Available records:
────

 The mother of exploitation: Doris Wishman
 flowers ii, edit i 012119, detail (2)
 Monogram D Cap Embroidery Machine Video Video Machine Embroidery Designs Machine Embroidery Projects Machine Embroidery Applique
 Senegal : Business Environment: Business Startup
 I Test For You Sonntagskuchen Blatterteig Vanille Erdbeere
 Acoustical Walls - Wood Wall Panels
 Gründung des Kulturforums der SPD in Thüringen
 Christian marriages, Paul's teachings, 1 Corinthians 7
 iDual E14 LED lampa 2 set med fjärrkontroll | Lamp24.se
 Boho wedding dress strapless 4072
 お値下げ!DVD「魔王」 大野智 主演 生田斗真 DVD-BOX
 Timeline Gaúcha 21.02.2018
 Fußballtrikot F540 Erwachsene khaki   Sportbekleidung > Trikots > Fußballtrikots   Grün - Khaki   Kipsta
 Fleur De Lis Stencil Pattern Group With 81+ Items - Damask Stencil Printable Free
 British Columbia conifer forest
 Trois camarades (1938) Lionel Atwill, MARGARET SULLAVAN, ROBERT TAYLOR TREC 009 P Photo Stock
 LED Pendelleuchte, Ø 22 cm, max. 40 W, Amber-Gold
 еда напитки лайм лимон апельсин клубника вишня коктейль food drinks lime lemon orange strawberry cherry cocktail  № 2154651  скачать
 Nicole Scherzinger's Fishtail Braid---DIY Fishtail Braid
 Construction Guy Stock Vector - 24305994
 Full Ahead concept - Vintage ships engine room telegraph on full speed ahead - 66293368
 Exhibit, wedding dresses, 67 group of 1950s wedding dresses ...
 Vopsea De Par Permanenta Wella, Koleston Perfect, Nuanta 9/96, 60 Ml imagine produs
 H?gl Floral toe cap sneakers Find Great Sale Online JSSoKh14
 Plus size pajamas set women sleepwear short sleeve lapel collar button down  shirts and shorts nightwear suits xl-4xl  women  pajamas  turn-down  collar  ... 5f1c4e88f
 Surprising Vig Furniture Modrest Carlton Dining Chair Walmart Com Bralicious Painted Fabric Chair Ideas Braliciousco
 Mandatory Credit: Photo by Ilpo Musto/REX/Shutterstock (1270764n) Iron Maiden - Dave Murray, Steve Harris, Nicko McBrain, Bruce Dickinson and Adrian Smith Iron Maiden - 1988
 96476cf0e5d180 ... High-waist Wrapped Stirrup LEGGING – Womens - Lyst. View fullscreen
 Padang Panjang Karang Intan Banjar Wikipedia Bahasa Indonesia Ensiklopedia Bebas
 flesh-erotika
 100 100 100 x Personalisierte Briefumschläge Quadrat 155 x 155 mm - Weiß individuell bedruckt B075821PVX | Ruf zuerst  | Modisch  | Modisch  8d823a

────

Task directions: The full listing above should be transcribed exactly.

Response to the task:
 The mother of exploitation: Doris Wishman
 flowers ii, edit i 012119, detail (2)
 Monogram D Cap Embroidery Machine Video Video Machine Embroidery Designs Machine Embroidery Projects Machine Embroidery Applique
 Senegal : Business Environment: Business Startup
 I Test For You Sonntagskuchen Blatterteig Vanille Erdbeere
 Acoustical Walls - Wood Wall Panels
 Gründung des Kulturforums der SPD in Thüringen
 Christian marriages, Paul's teachings, 1 Corinthians 7
 iDual E14 LED lampa 2 set med fjärrkontroll | Lamp24.se
 Boho wedding dress strapless 4072
 お値下げ!DVD「魔王」 大野智 主演 生田斗真 DVD-BOX
 Timeline Gaúcha 21.02.2018
 Fußballtrikot F540 Erwachsene khaki   Sportbekleidung > Trikots > Fußballtrikots   Grün - Khaki   Kipsta
 Fleur De Lis Stencil Pattern Group With 81+ Items - Damask Stencil Printable Free
 British Columbia conifer forest
 Trois camarades (1938) Lionel Atwill, MARGARET SULLAVAN, ROBERT TAYLOR TREC 009 P Photo Stock
 LED Pendelleuchte, Ø 22 cm, max. 40 W, Amber-Gold
 еда напитки лайм лимон апельсин клубника вишня коктейль food drinks lime lemon orange strawberry cherry cocktail  № 2154651  скачать
 Nicole Scherzinger's Fishtail Braid---DIY Fishtail Braid
 Construction Guy Stock Vector - 24305994
 Full Ahead concept - Vintage ships engine room telegraph on full speed ahead - 66293368
 Exhibit, wedding dresses, 67 group of 1950s wedding dresses ...
 Vopsea De Par Permanenta Wella, Koleston Perfect, Nuanta 9/96, 60 Ml imagine produs
 H?gl Floral toe cap sneakers Find Great Sale Online JSSoKh14
 Plus size pajamas set women sleepwear short sleeve lapel collar button down  shirts and shorts nightwear suits xl-4xl  women  pajamas  turn-down  collar  ... 5f1c4e88f
 Surprising Vig Furniture Modrest Carlton Dining Chair Walmart Com Bralicious Painted Fabric Chair Ideas Braliciousco
 Mandatory Credit: Photo by Ilpo Musto/REX/Shutterstock (1270764n) Iron Maiden - Dave Murray, Steve Harris, Nicko McBrain, Bruce Dickinson and Adrian Smith Iron Maiden - 1988
 96476cf0e5d180 ... High-waist Wrapped Stirrup LEGGING – Womens - Lyst. View fullscreen
 Padang Panjang Karang Intan Banjar Wikipedia Bahasa Indonesia Ensiklopedia Bebas
 flesh-erotika
 100 100 100 x Personalisierte Briefumschläge Quadrat 155 x 155 mm - Weiß individuell bedruckt B075821PVX | Ruf zuerst  | Modisch  | Modisch  8d823a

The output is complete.